▸ Description of the task
Pictures stay out of the copy, and everything else in the data below is repeated exactly.
── Given material ──
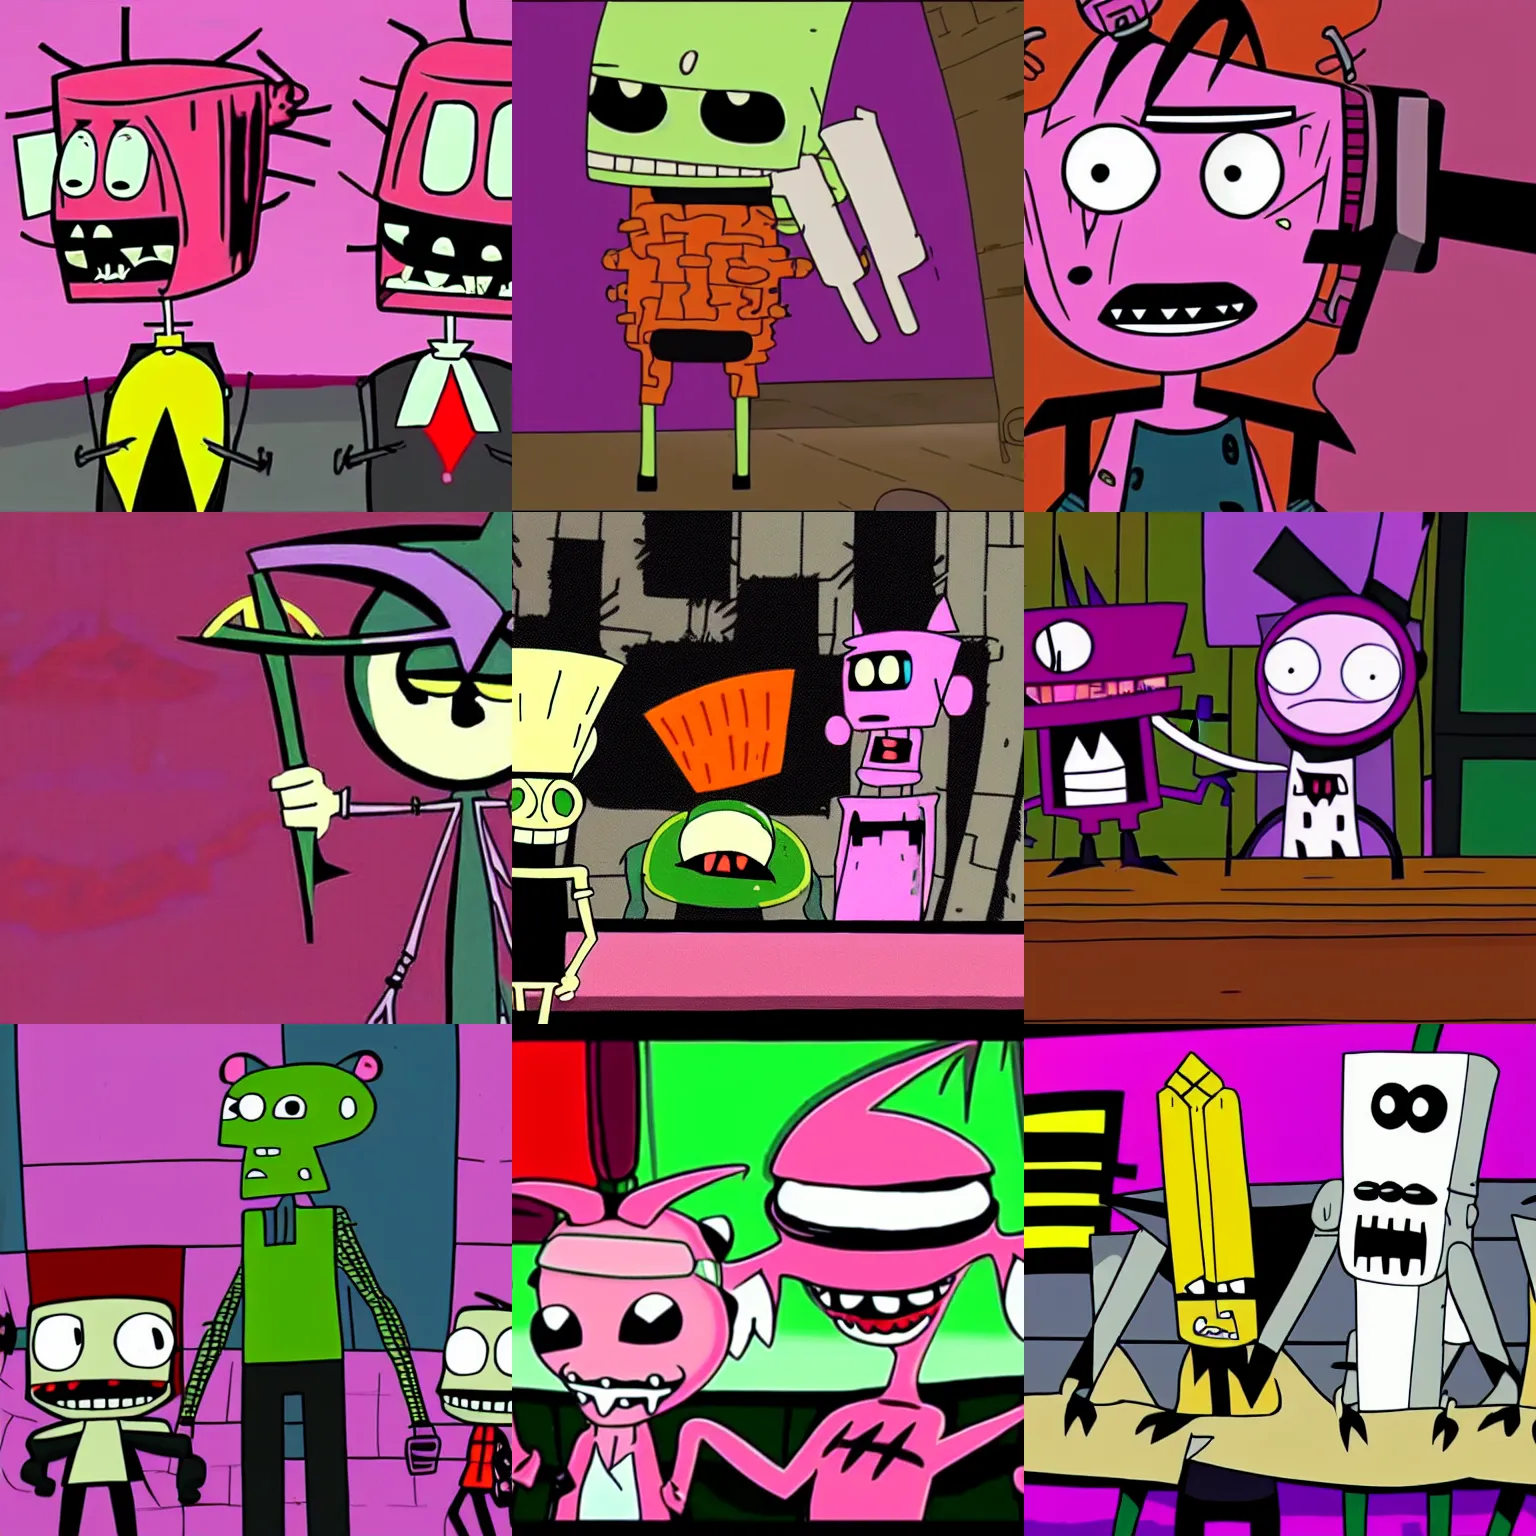 Prompt: a screen from an episode of Invader Zim featuring Gordon Ramsay, Jhonen Vasquez cartoon
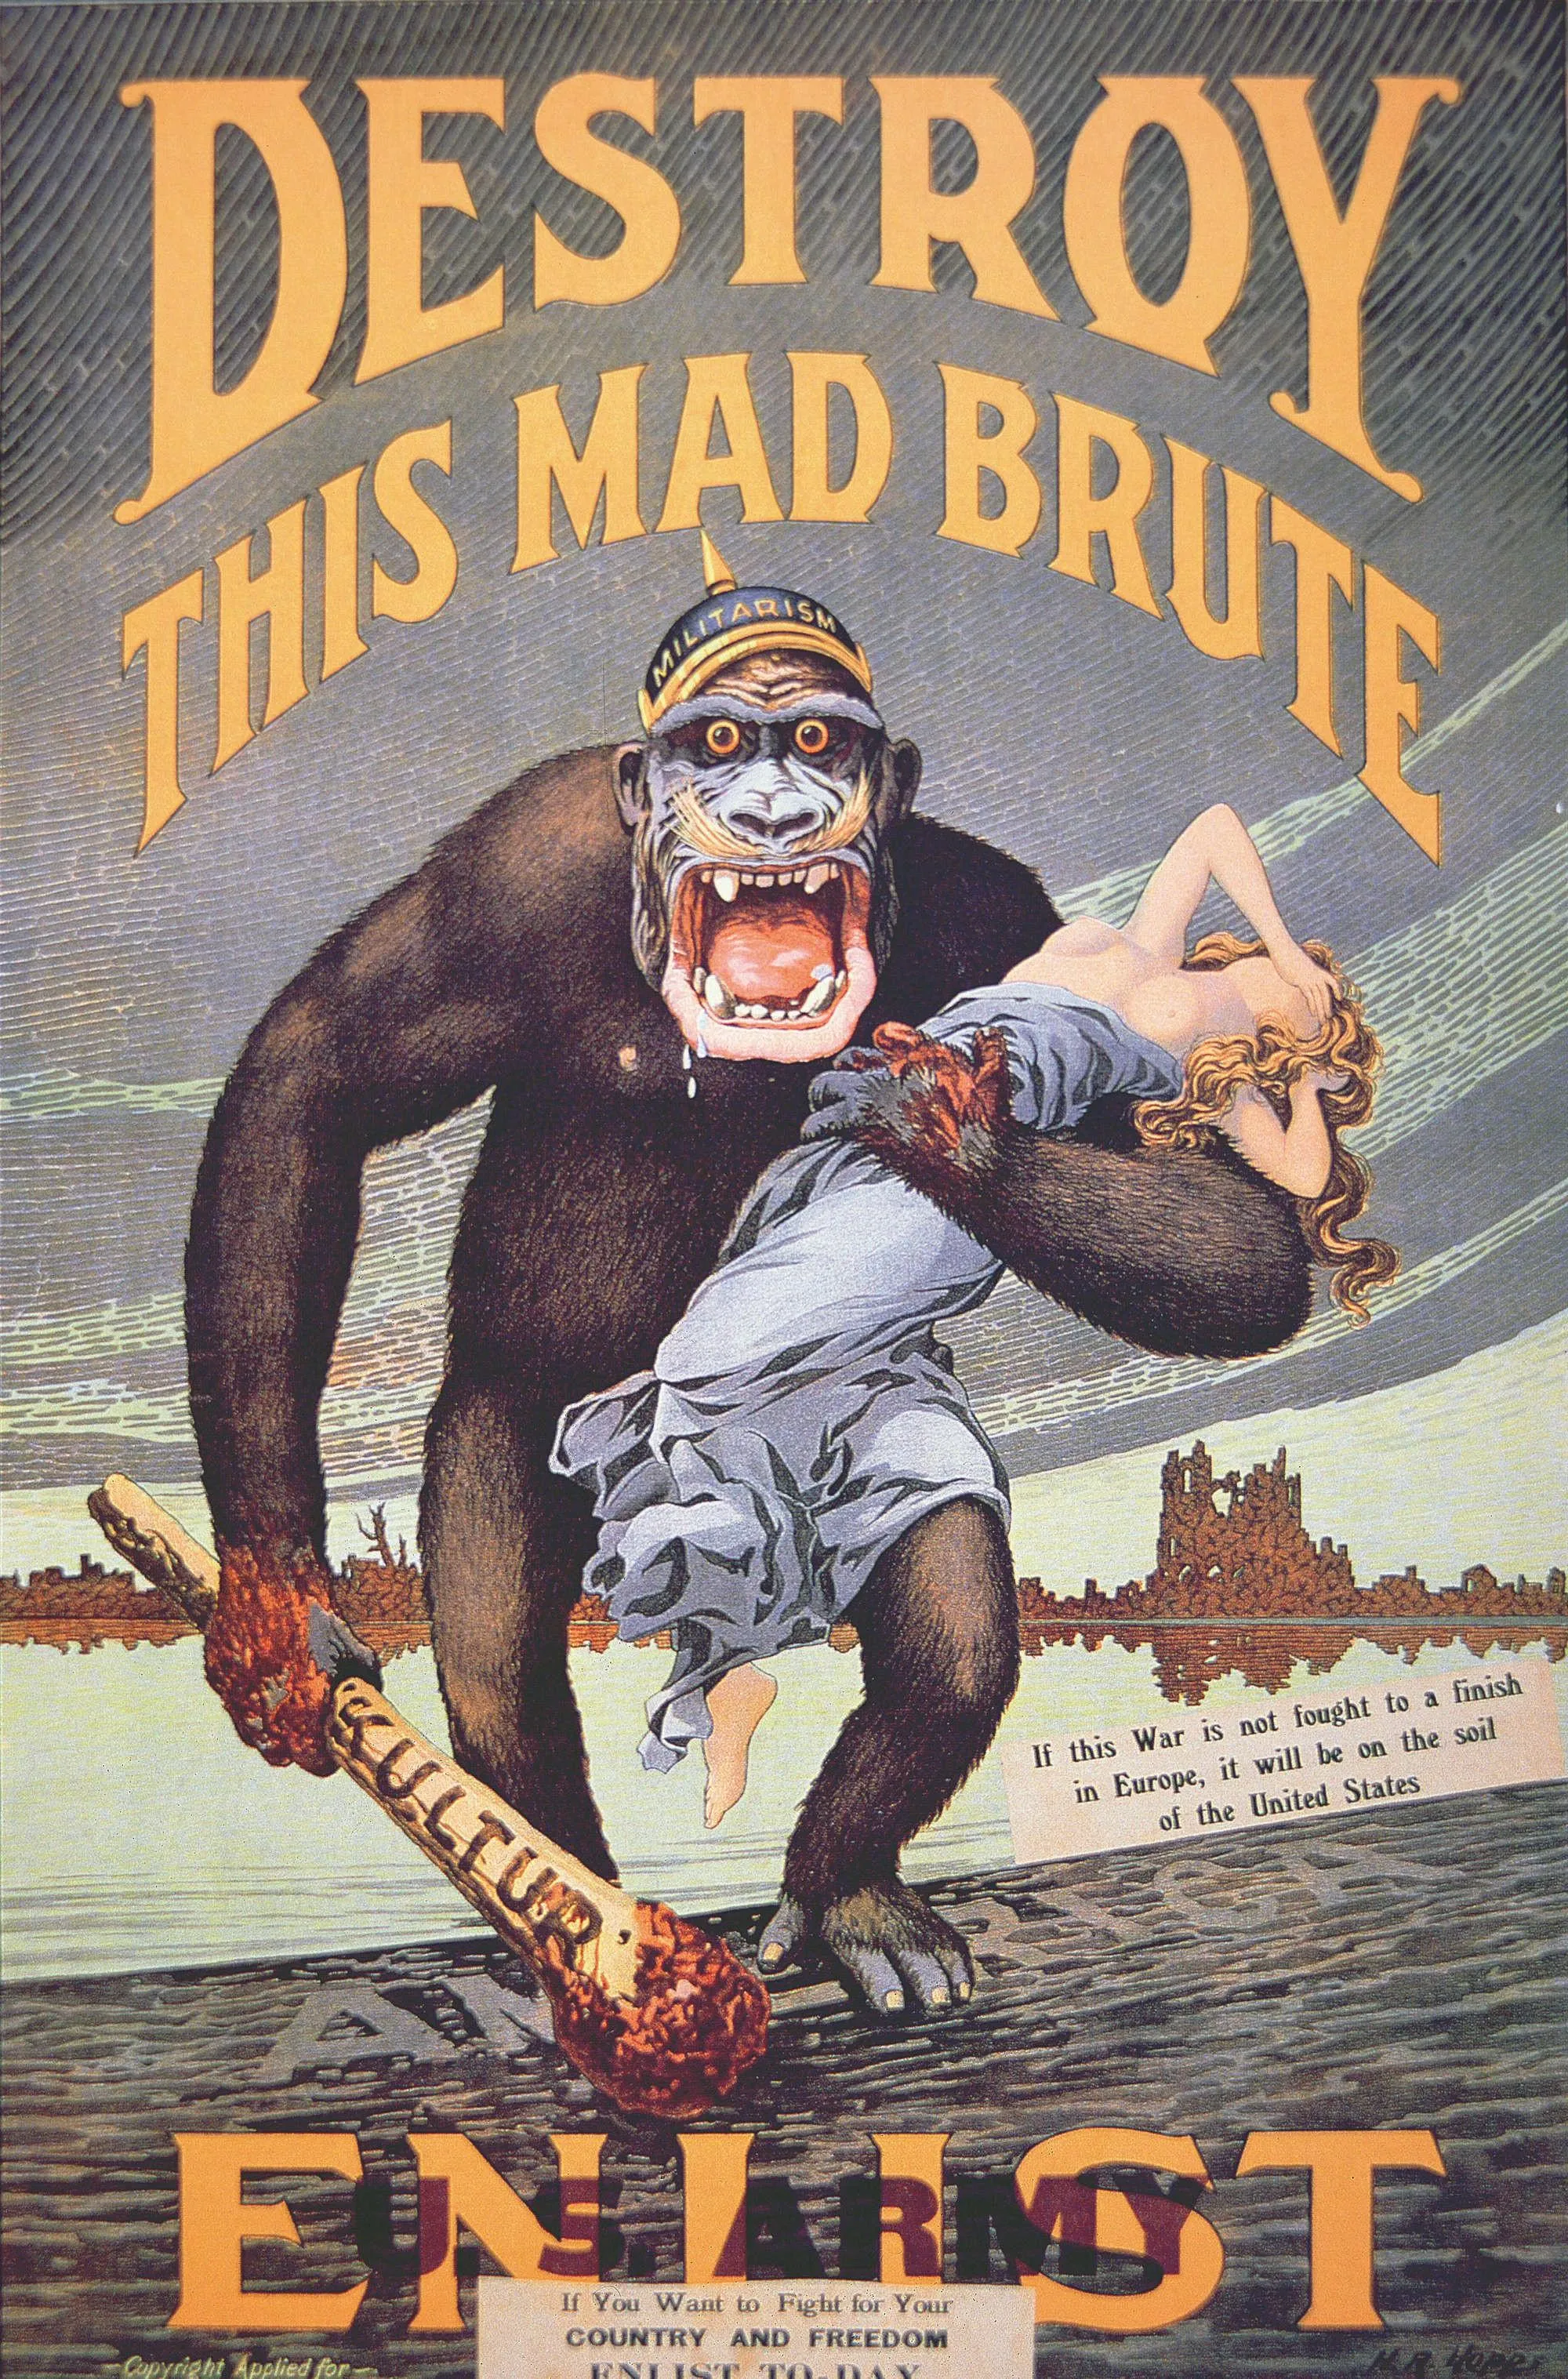 Affiche de propagande
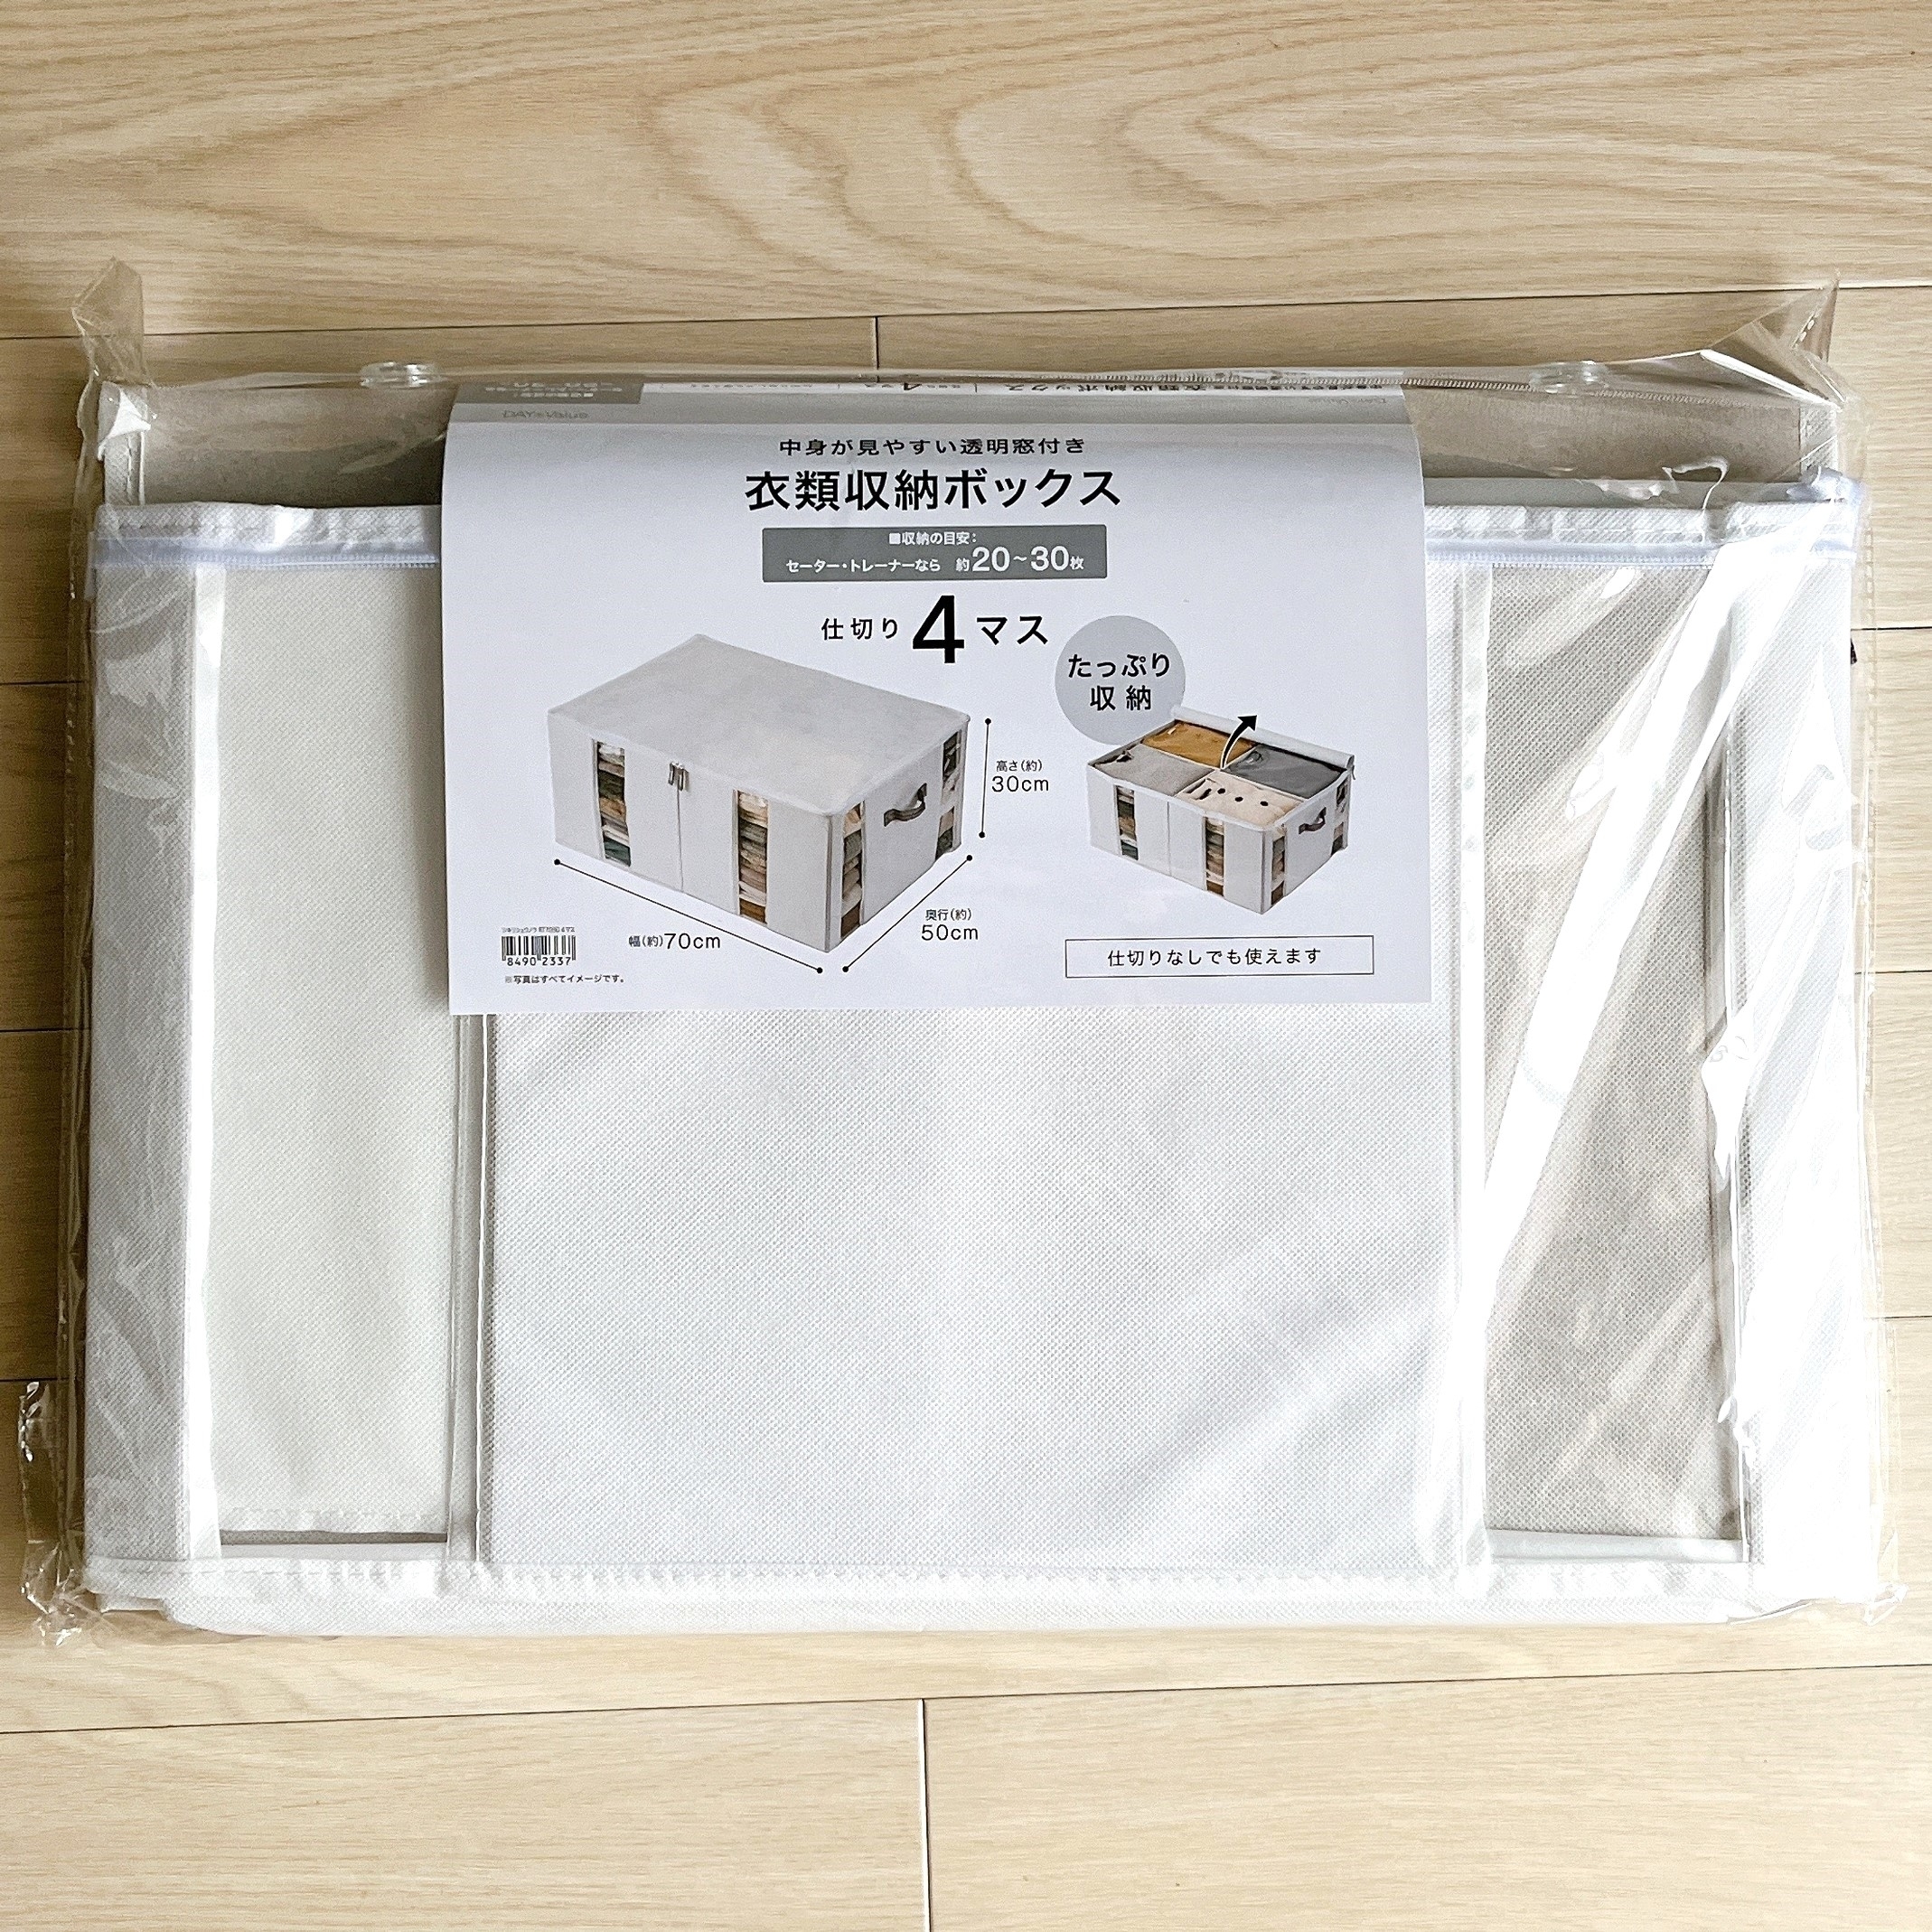 NITORI（ニトリ）の便利アイテム「透明窓付き 衣類収納ボックス（RT7050 仕切り4マス）」
───
▸ Answer to the problem
 Prompt: a screen from an episode of Invader Zim featuring Gordon Ramsay, Jhonen Vasquez cartoon
 Affiche de propagande
 NITORI（ニトリ）の便利アイテム「透明窓付き 衣類収納ボックス（RT7050 仕切り4マス）」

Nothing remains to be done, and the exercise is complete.